Creating an animation using COLLADA format! PLEASE HELP!!!

I am writing a module to export 3D animations to COLLADA 1.4, so I can import it using 3D programs like Blender, for example:

I have a very simple animation I would like to export:

  • I have a cube at 0,0,0
  • the cube rotates JUST IN Z and has 5 keyframes with the following values:
KEYFRAMES
   frame    Z-angle
     1         0    
     66       100.8
    138       -75.96 
    214        75.783
    250      -157.808

just that. I would like to create a COLLADA 1.4 file that once imported on a 3D package could recreate this animation.

I have done the inverse operation. I created this animation on Blender and exported it to a COLLADA 1.4 file. The problem is that the generated file deals with “bezier interpolation” and gives me the following values at some point…

   <float_array count="5" id="Cube-rotateZ-input-array">0.04000 2.64000 5.52000 8.56000 11.60000</float_array>
    
    .... bla bla
    
    <Name_array count="5" id="Cube-rotateY-interpolation-array">BEZIER BEZIER BEZIER BEZIER BEZIER</Name_array>

The question is, given my initial values, how do I calculate these “input-array” values and what do they mean?

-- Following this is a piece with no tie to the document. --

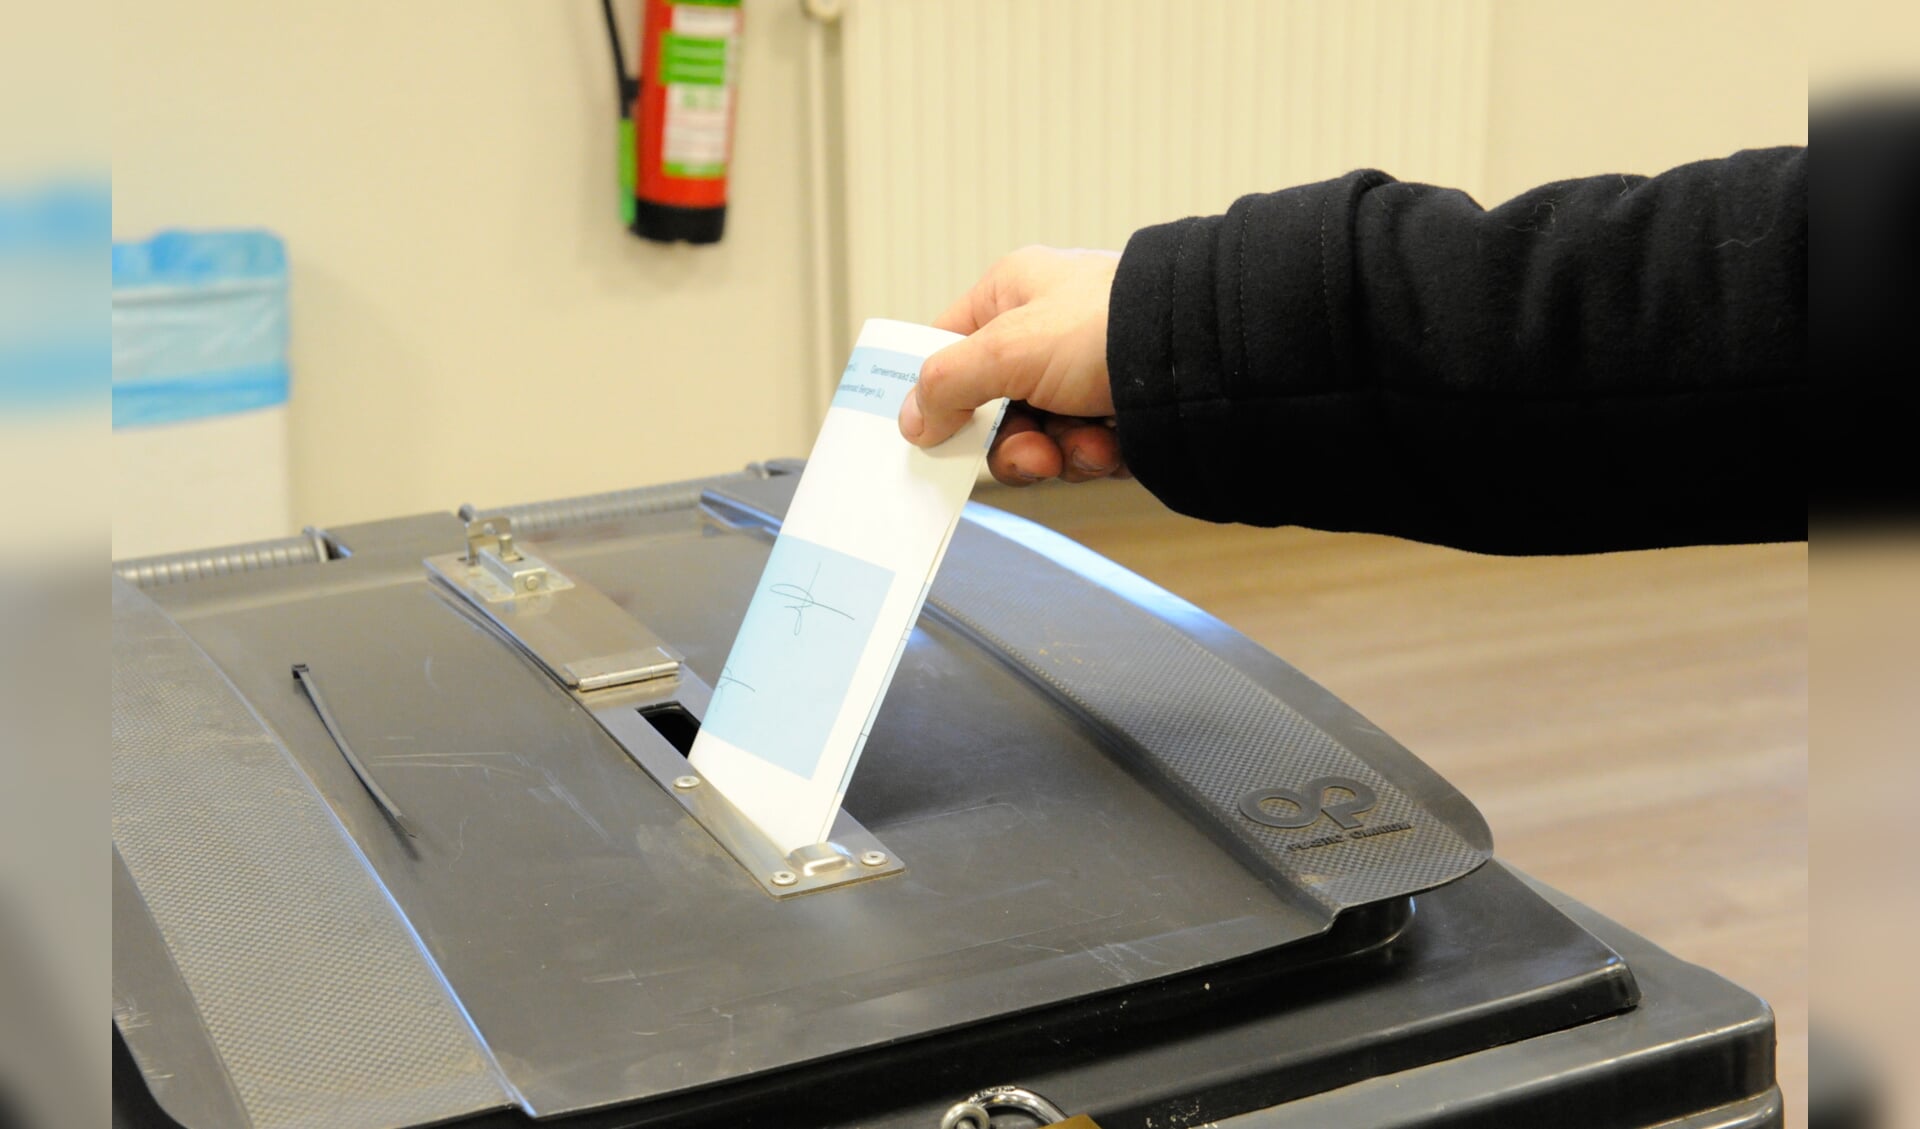 Op 24 november vinden in het Land van Cuijk de herindelingsverkiezingen plaats.

My math is a little rusted, so, please answer this as simple as possible, if possible with practical examples and codes instead of theoretical stuff.

THANKS.

Hello

I used the blender importer/exporter from illusoft [1] in the past. The loader only supported a subset of the norm and made invalid assumption about the xml structure and thus was only able to load very specific collada files. With this limited importer claiming “collada support” in Blender is abusive IMHO.

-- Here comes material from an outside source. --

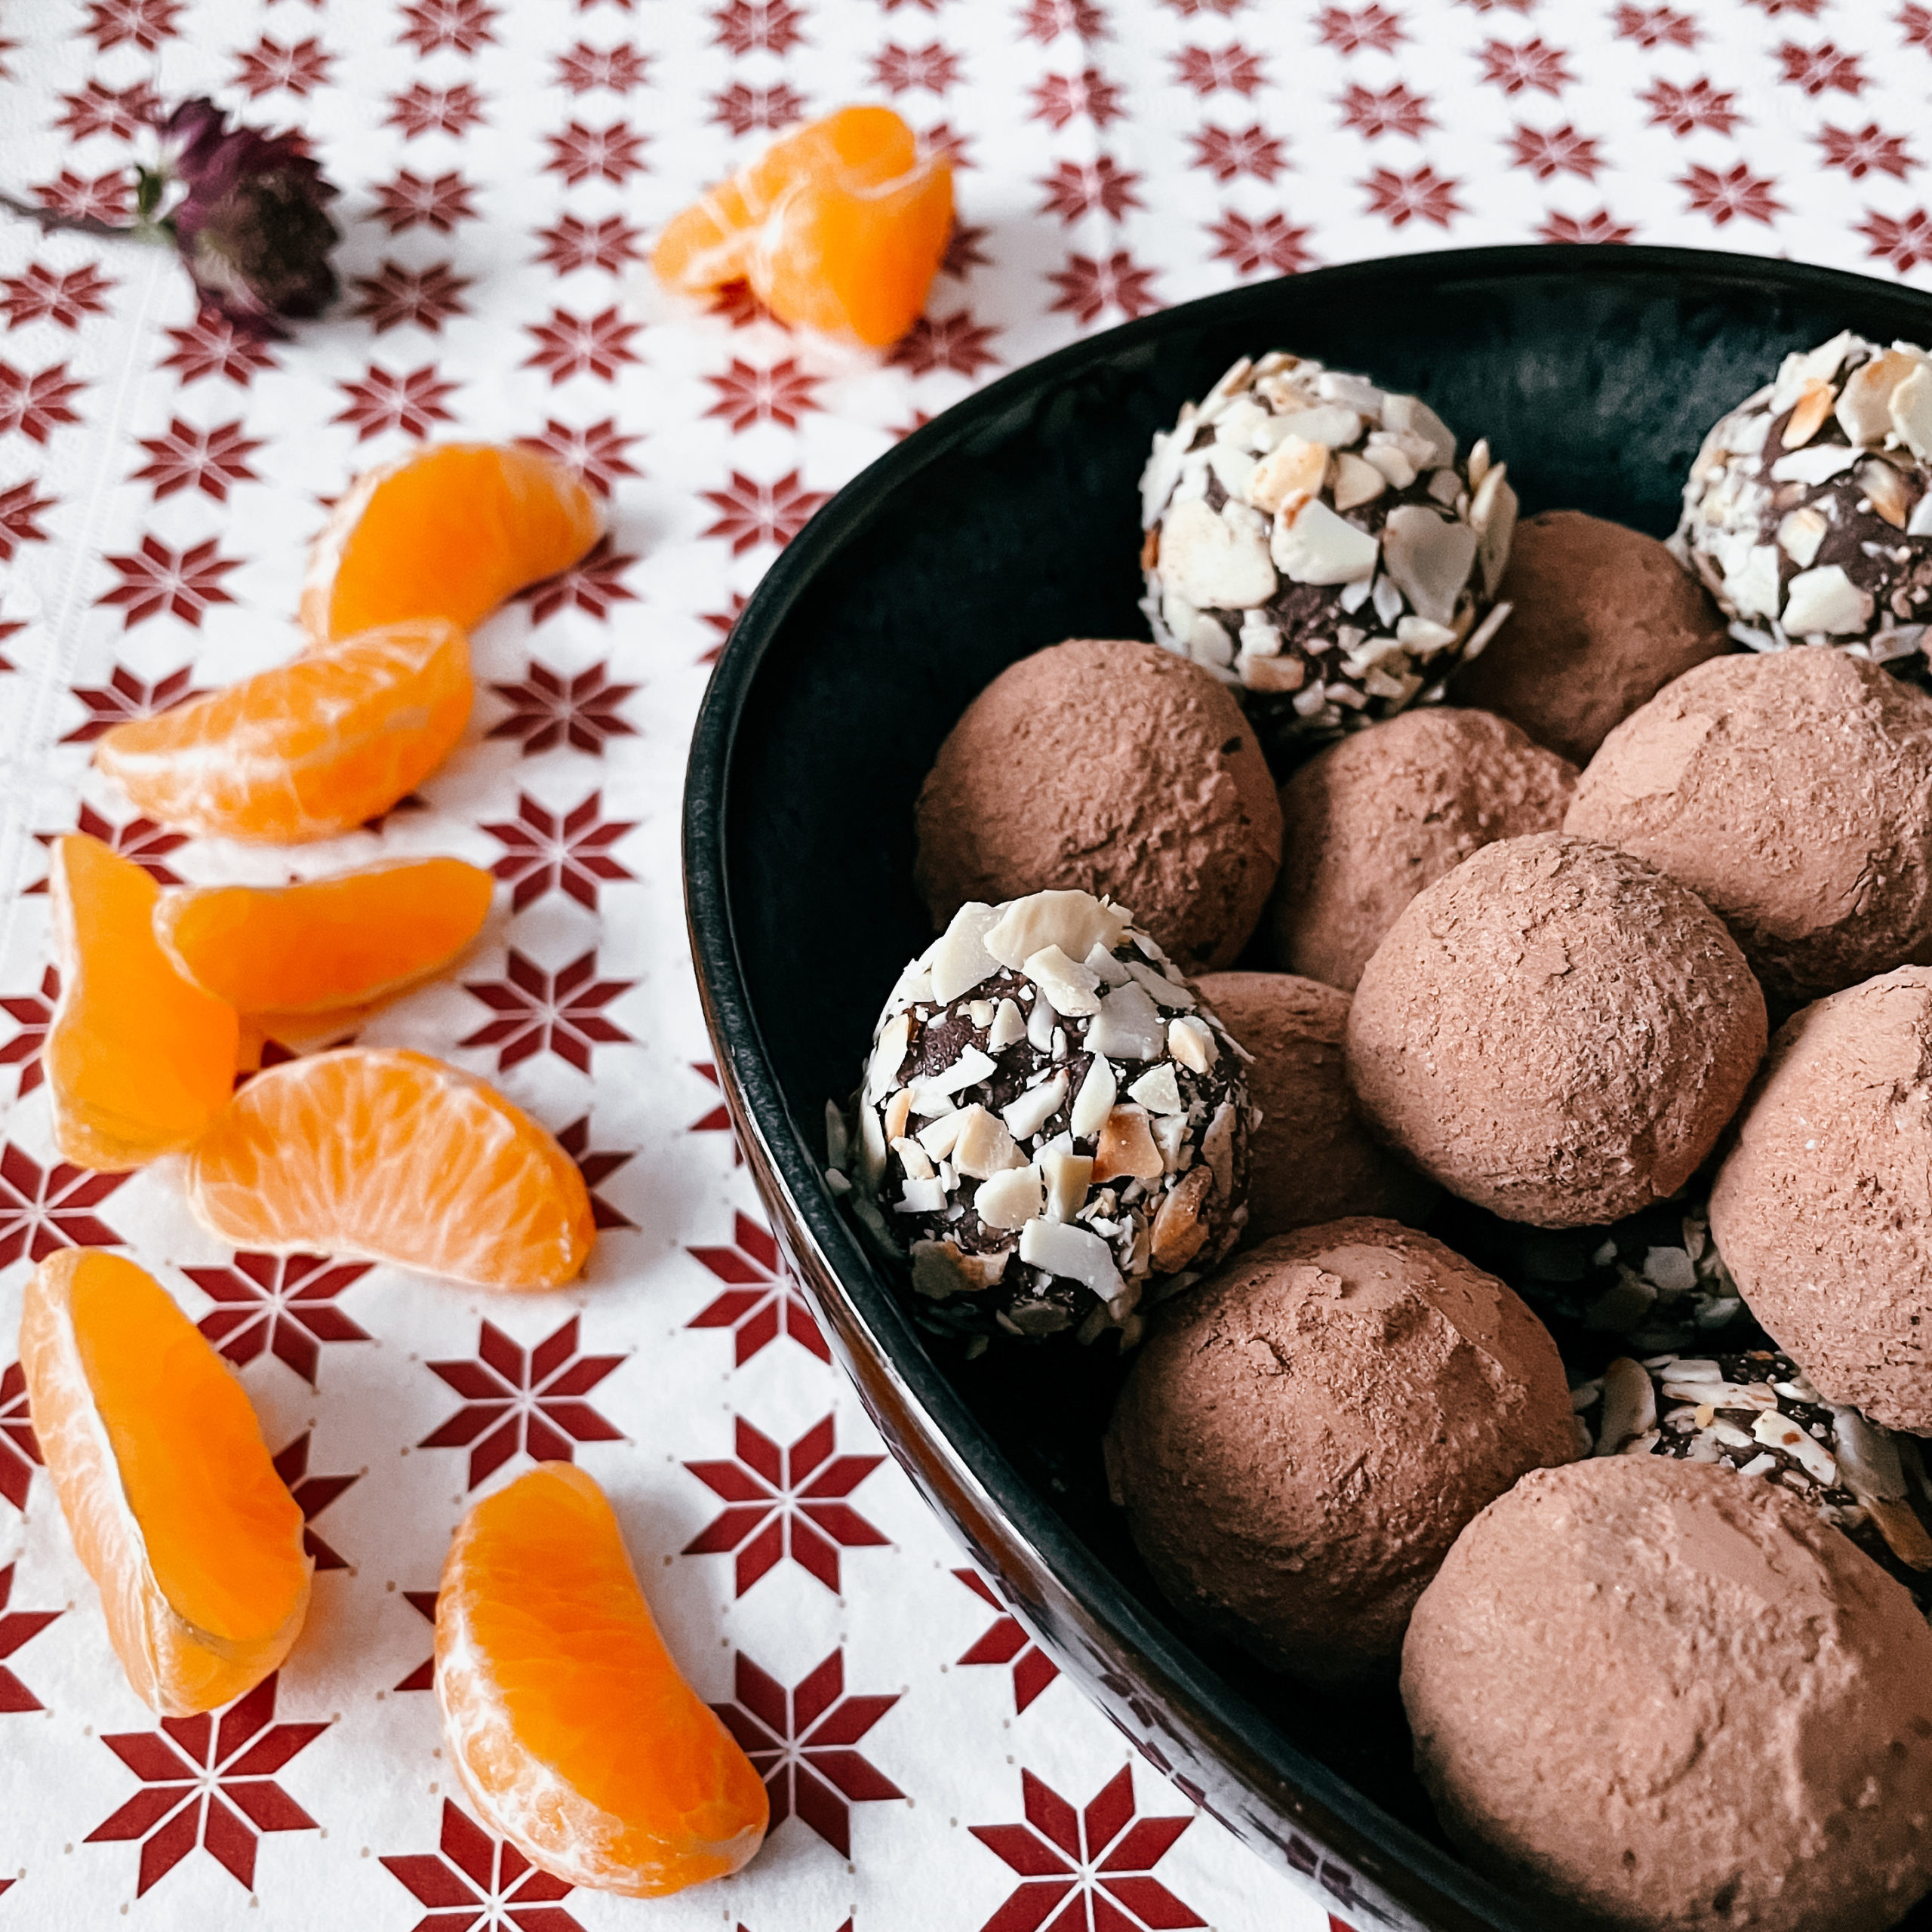 IMG 1906 scaled - Des chocolats qui ne comptent pas pour des truffes.

I know there is ongoing (finished?) work in order to make a new importer for blender based on opencollada, so the collada support in Blender should improve.

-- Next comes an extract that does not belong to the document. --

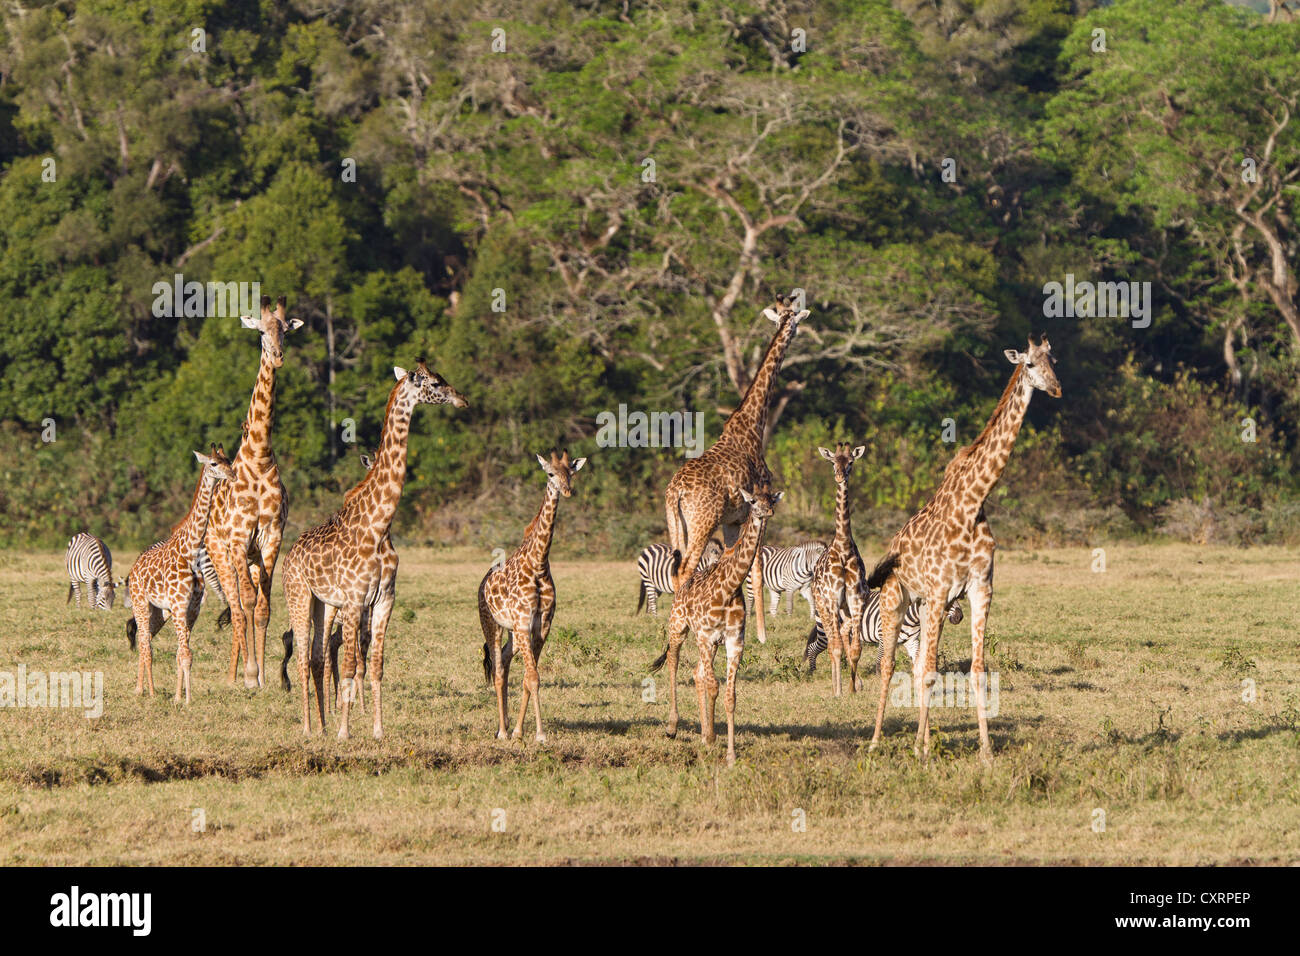 Massai, Maasai, Masai Giraffes or Kilimanjaro Giraffes (Giraffa camelopardalis tippelskirchi), Arusha National Park, Tanzania Stock Photo

[1] http://colladablender.illusoft.com/cms/

That’s a good idea, doing so, you’re more likely to get files that the importer will accept.

Bézier curves are very common, and documented at many places on the web. See the wikipedia article for instance. You can also play with them in inkscape and look at the control points in the resulting svg file.

Alternatively, you can use linear interpolation. With linear interpolation, you only need the keyframes, no control point. To do so, you should replace “BEZIER” with “LINEAR” and adjust the input and output arrays.

I don’t know if blender and its loader support linear interpolation though. (They probably do.)

Cheers

Hi,

Thanks for your answer, but as I said before, I need this to use in applications LIKE Blender, not just Blender.

Sorry, but I still need to do it bezier and as I said before, my math is a little rusted. So, wikipedia pages won’t help, as they are theoretical. I need code examples on how to obtain the interpolation points based on keyframe pairs (time, value).

thanks.

May I ask you why?

I think this is not simple. An infinity of Bézier curves would pass through (or near?) your keyframe pairs, so you’ll need to choose one. Search for “bezier curve fitting”.

If you use LINEAR of BSPLINE instead of BEZIER, you won’t have this problem.

I think my question is not clear.

This code you see is generated by Blender. The only thing blender has is 5 keyframe pairs (value, time).

If Blender calculated these points, it is not impossible to do.

I just need to know how Blender did that.

I have analyzed Blender code but it is very complex to glance, because I have to understand how Blender work in general, before understand how it calculates the values.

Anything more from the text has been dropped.